# Data items
────────────────────
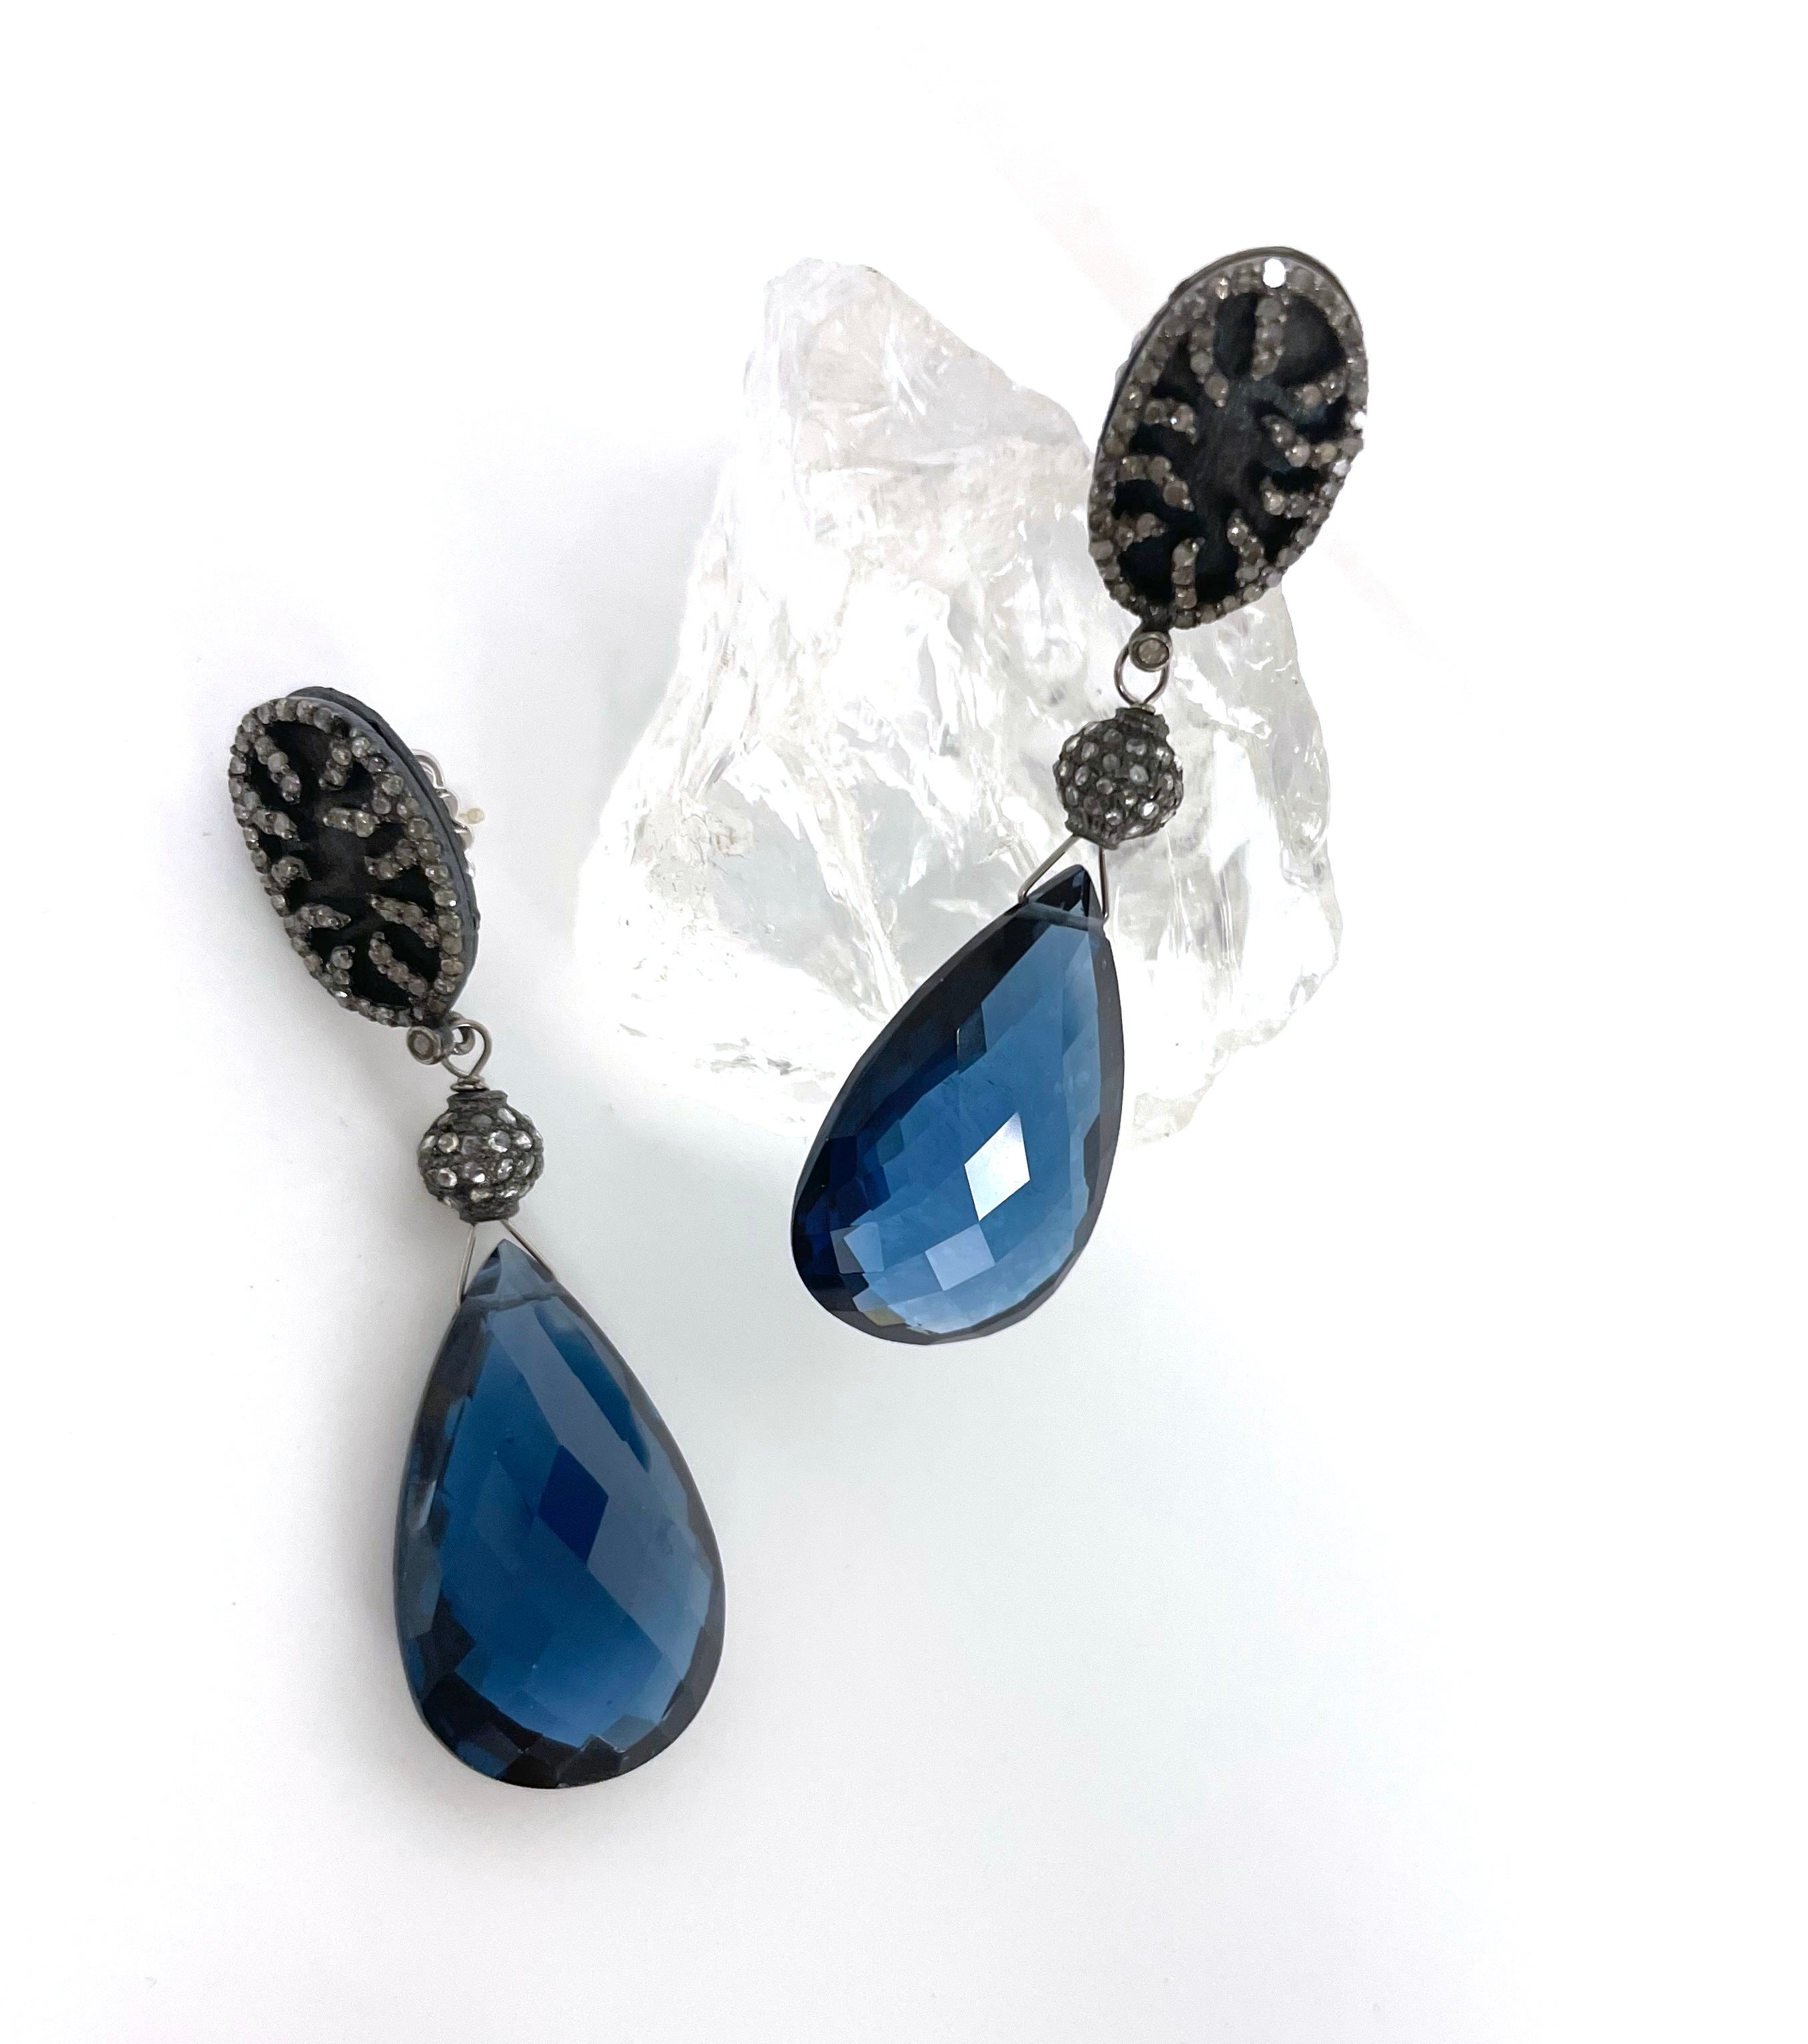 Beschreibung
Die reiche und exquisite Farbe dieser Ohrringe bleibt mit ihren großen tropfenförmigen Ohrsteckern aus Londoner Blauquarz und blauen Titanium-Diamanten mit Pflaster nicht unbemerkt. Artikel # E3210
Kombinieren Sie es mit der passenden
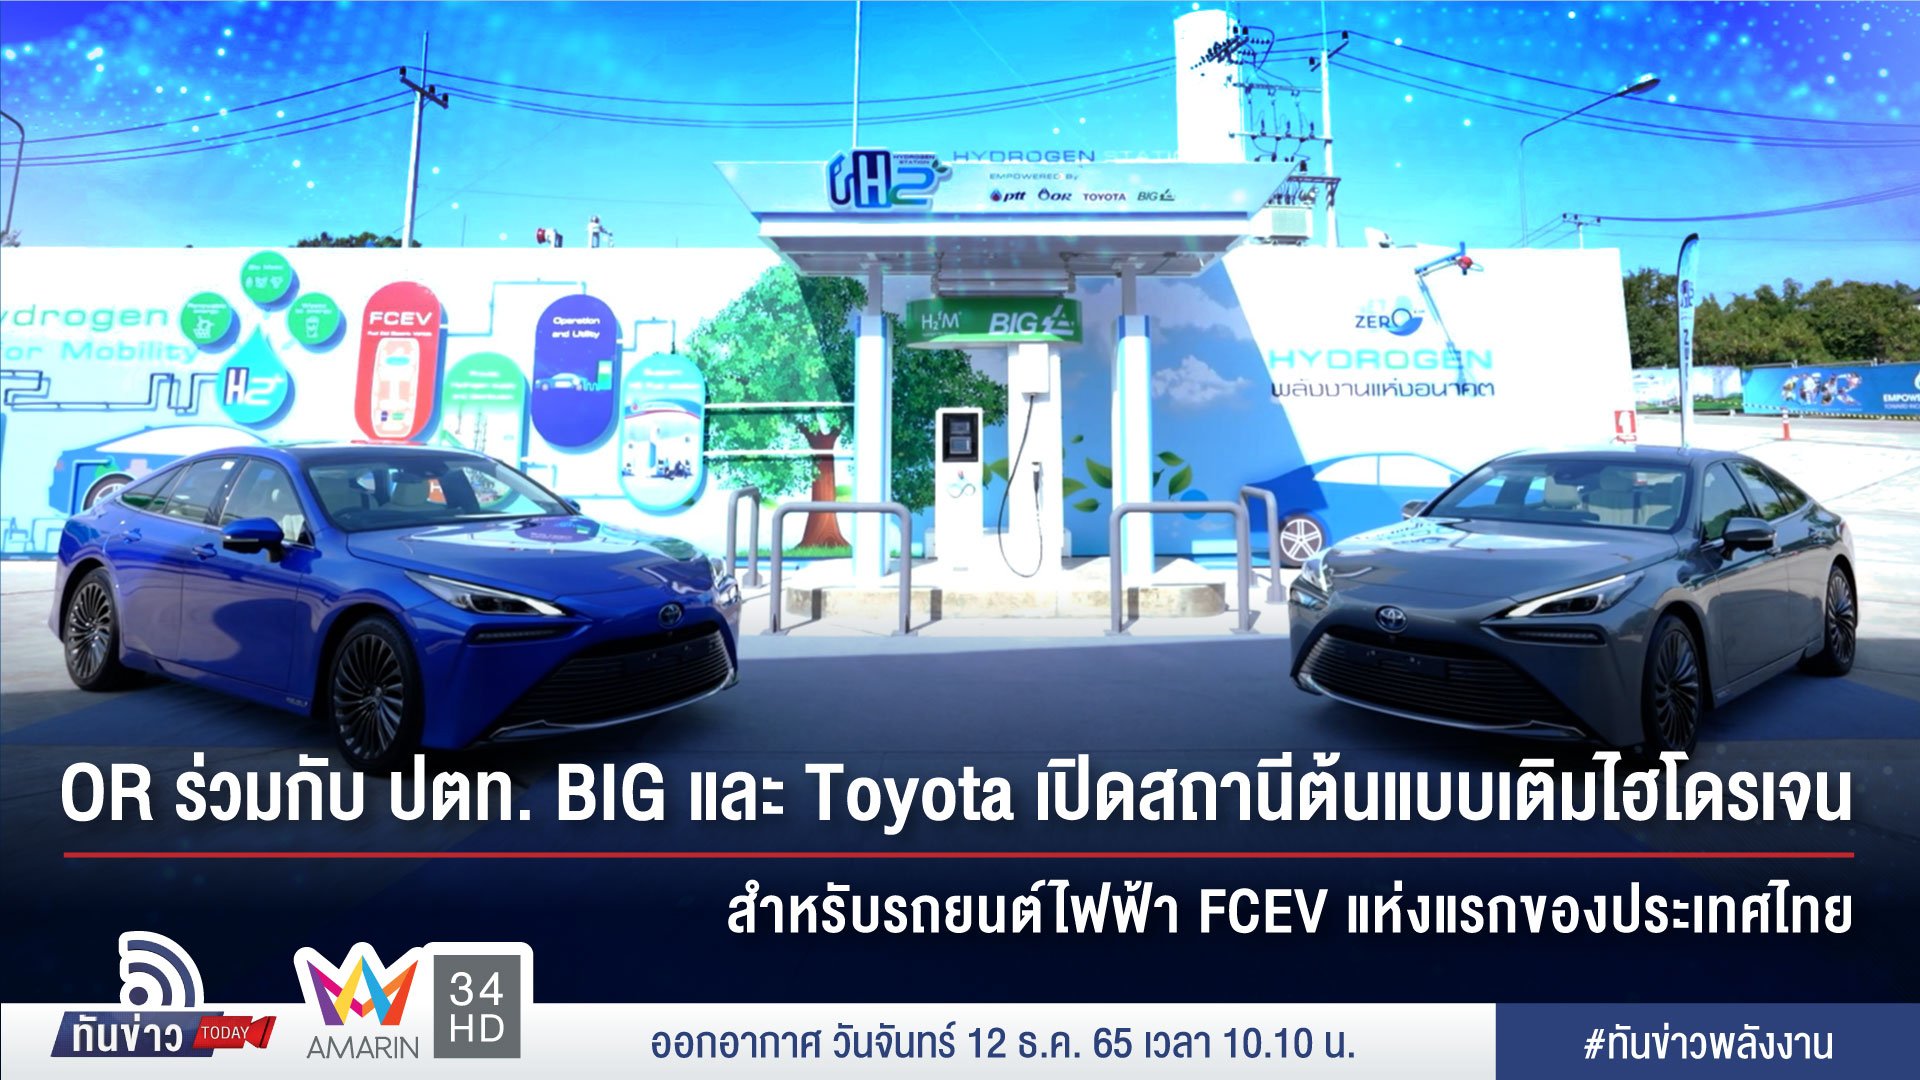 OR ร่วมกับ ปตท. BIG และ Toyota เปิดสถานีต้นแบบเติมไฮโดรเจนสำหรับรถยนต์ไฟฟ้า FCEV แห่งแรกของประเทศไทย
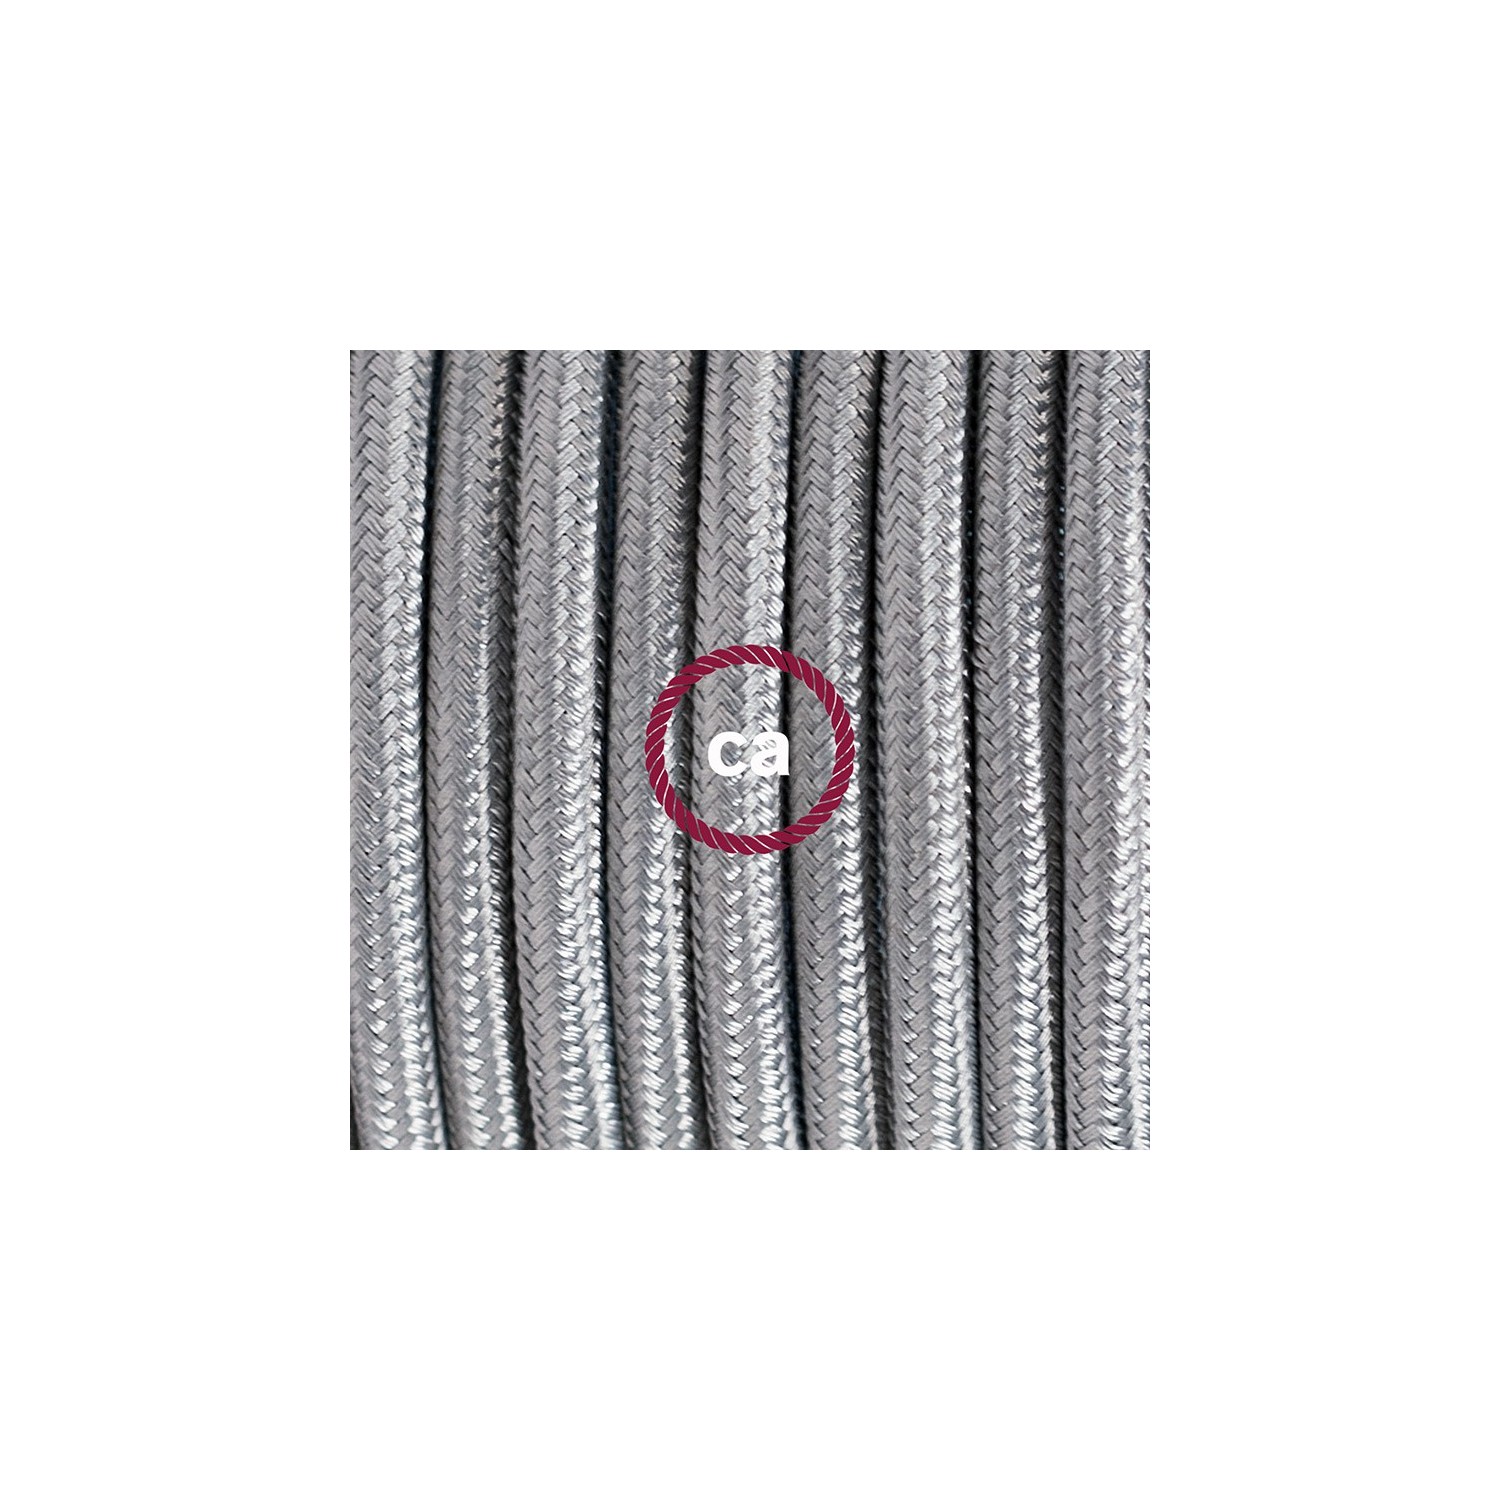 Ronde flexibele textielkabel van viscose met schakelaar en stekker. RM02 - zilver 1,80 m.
────────────────────
# What is needed
Make an exact copy of every record, pictures excluded.

# Exercise answer
 Beschreibung
Die reiche und exquisite Farbe dieser Ohrringe bleibt mit ihren großen tropfenförmigen Ohrsteckern aus Londoner Blauquarz und blauen Titanium-Diamanten mit Pflaster nicht unbemerkt. Artikel # E3210
Kombinieren Sie es mit der passenden
 OR ร่วมกับ ปตท. BIG และ Toyota เปิดสถานีต้นแบบเติมไฮโดรเจนสำหรับรถยนต์ไฟฟ้า FCEV แห่งแรกของประเทศไทย
 Ronde flexibele textielkabel van viscose met schakelaar en stekker. RM02 - zilver 1,80 m.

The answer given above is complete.